• **WORK ORDER**
Filter the entries for the word "growing". Copy each line in which it occurs.

Dataset items:
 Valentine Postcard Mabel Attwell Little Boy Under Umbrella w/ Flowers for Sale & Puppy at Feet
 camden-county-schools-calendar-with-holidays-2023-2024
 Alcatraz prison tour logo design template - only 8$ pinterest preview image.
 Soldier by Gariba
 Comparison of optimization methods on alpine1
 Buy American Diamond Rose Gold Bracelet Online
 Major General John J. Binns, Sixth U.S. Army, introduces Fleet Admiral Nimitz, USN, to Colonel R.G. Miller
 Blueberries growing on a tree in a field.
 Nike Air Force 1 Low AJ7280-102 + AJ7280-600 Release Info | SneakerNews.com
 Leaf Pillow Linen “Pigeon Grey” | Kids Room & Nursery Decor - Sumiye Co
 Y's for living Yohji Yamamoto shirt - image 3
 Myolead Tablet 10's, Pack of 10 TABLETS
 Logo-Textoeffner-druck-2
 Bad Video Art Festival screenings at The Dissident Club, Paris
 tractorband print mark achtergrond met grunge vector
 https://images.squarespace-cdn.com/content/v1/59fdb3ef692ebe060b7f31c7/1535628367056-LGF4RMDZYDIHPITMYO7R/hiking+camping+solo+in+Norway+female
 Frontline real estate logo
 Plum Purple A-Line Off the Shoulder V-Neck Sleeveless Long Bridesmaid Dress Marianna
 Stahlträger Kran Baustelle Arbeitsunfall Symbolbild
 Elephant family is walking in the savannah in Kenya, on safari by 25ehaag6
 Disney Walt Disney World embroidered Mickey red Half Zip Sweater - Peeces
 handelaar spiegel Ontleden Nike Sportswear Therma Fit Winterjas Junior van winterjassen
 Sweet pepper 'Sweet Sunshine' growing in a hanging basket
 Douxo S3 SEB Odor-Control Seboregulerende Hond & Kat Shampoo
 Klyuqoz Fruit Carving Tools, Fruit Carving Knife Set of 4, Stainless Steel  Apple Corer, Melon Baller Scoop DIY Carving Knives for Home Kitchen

• **REPLY**
 Blueberries growing on a tree in a field.
 Sweet pepper 'Sweet Sunshine' growing in a hanging basket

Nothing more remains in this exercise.